> [DATA EXCERPT]:
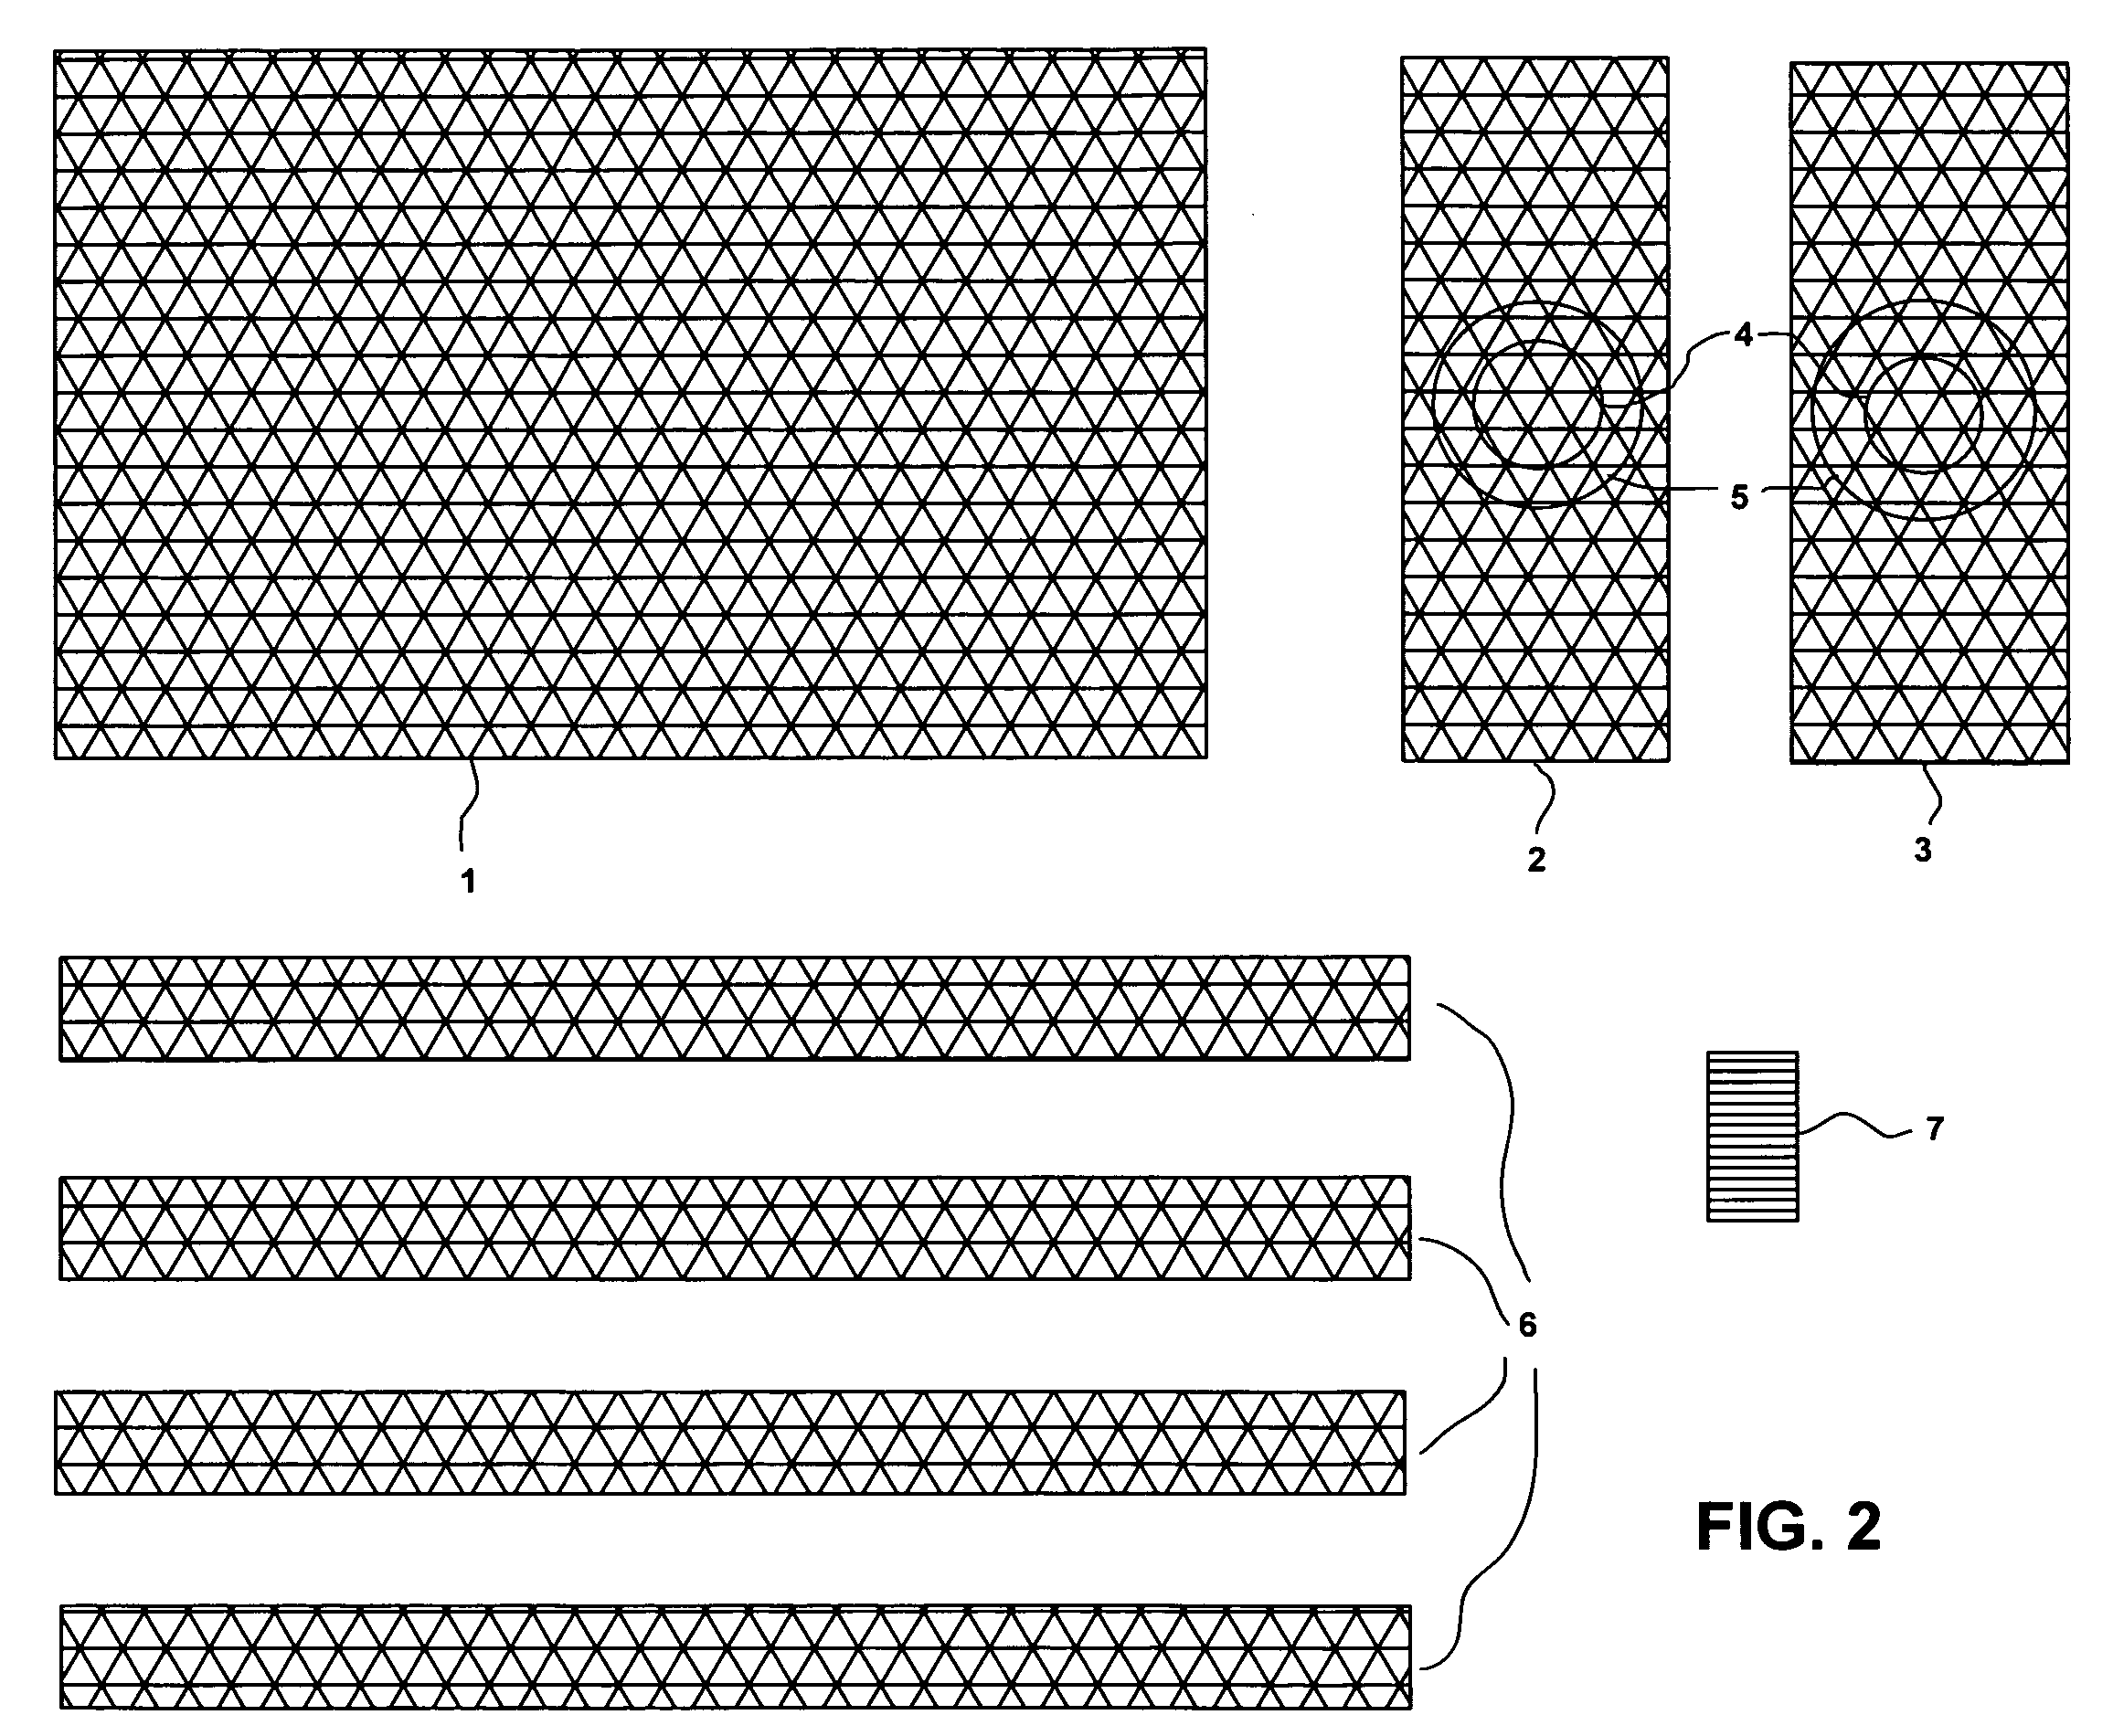 Method and apparatus for insulating hydroponic lamps
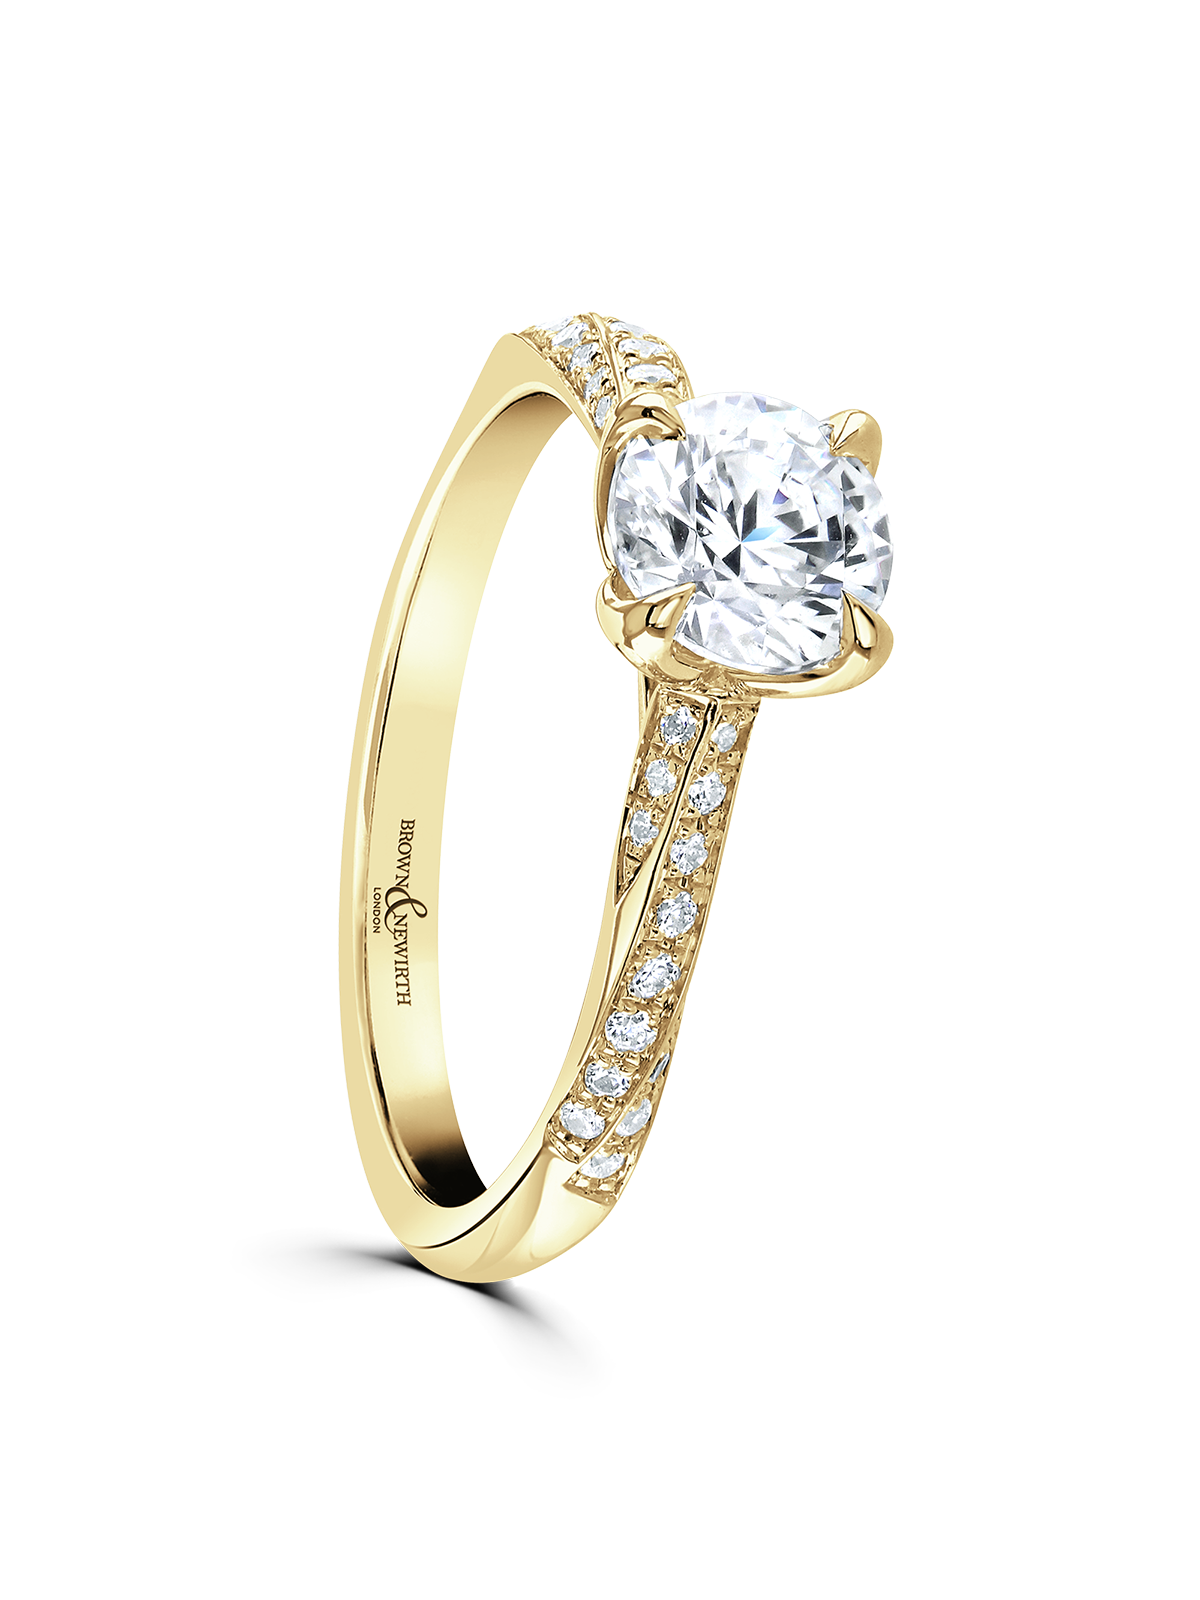 Brown & Newirth Azalea 0.50ct Brilliant Cut Certificated Diamond Solitaire Engagement Ring in 18ct Yellow Gold with Diamond Set Shoulders
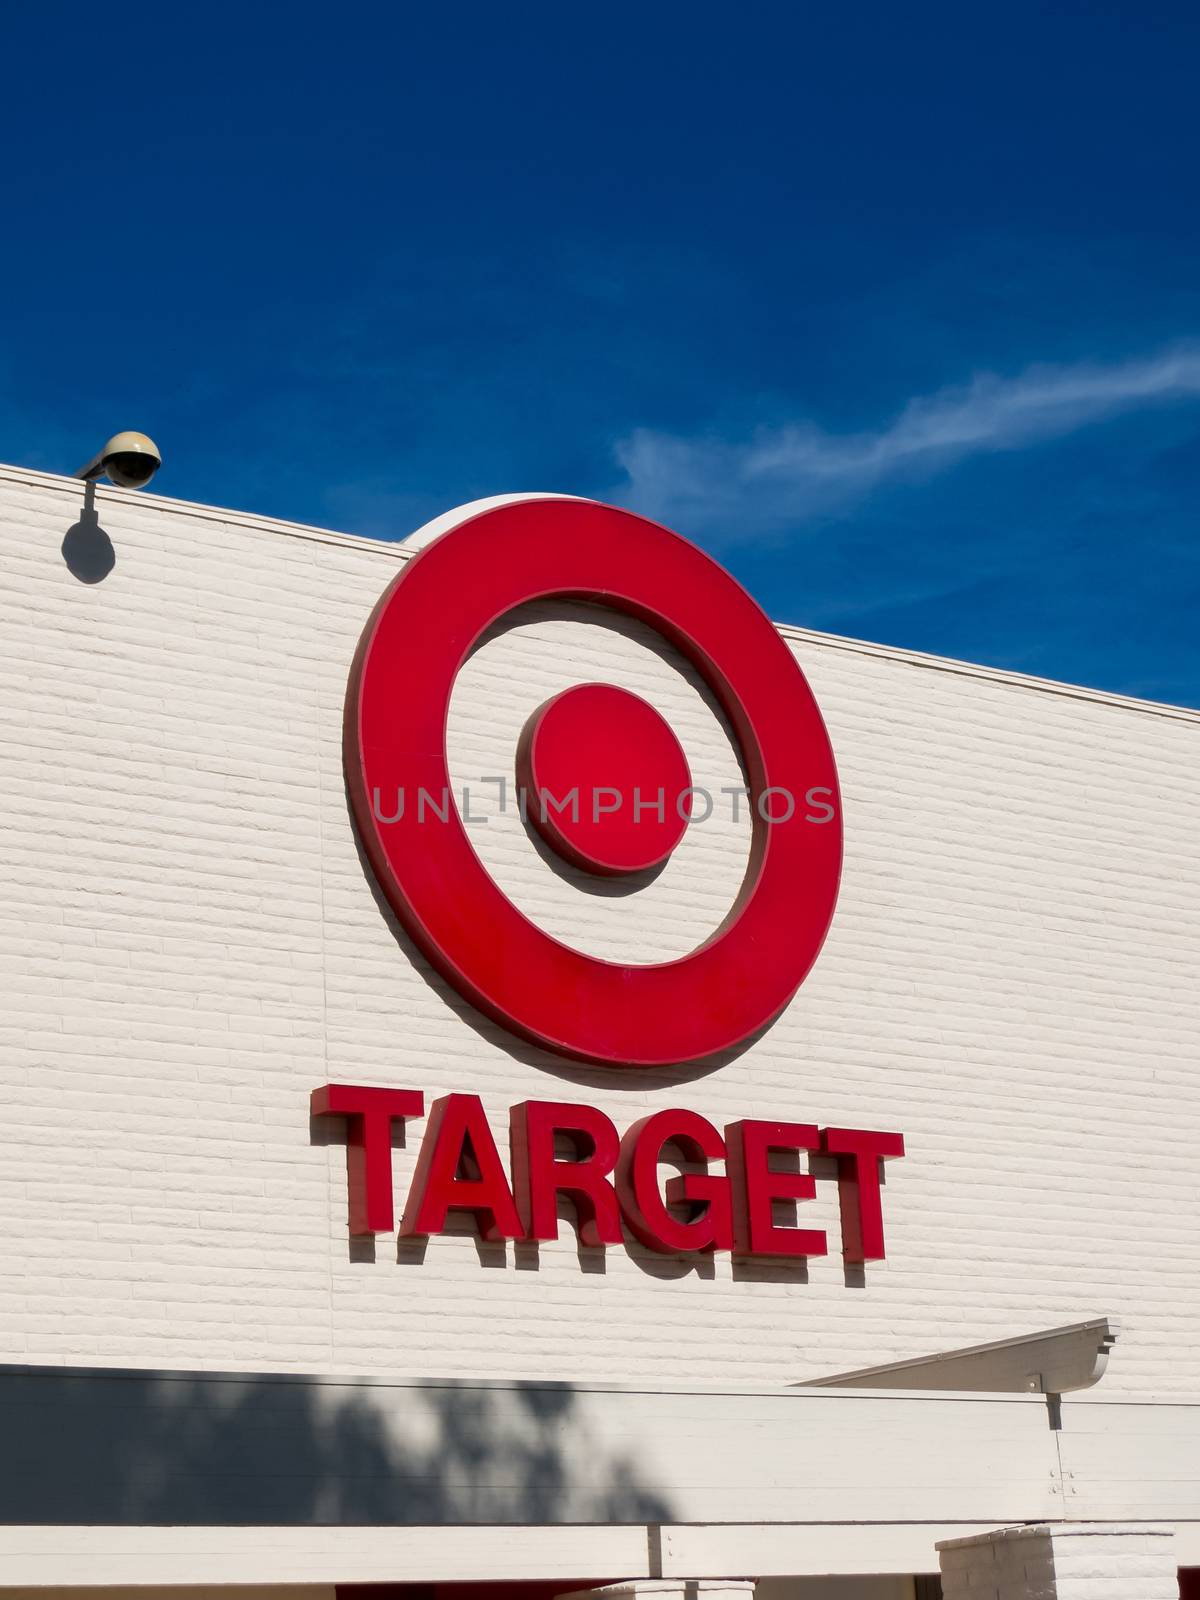 SANTA CLARITA,, CA/USA - NOVEMBER 22, 2014  Exterior view of a Target retail store. Target Corporation is an American retailing company and second-largest discount retailer in the United States.

> [AIM OF THE EXERCISE]: Would you restate, word for word and with no pictures, only the lines from the opening of the material through the line with "Brown & Newirth", both included?

> [EXERCISE RESPONSE]:
 Method and apparatus for insulating hydroponic lamps
 Brown & Newirth Azalea 0.50ct Brilliant Cut Certificated Diamond Solitaire Engagement Ring in 18ct Yellow Gold with Diamond Set Shoulders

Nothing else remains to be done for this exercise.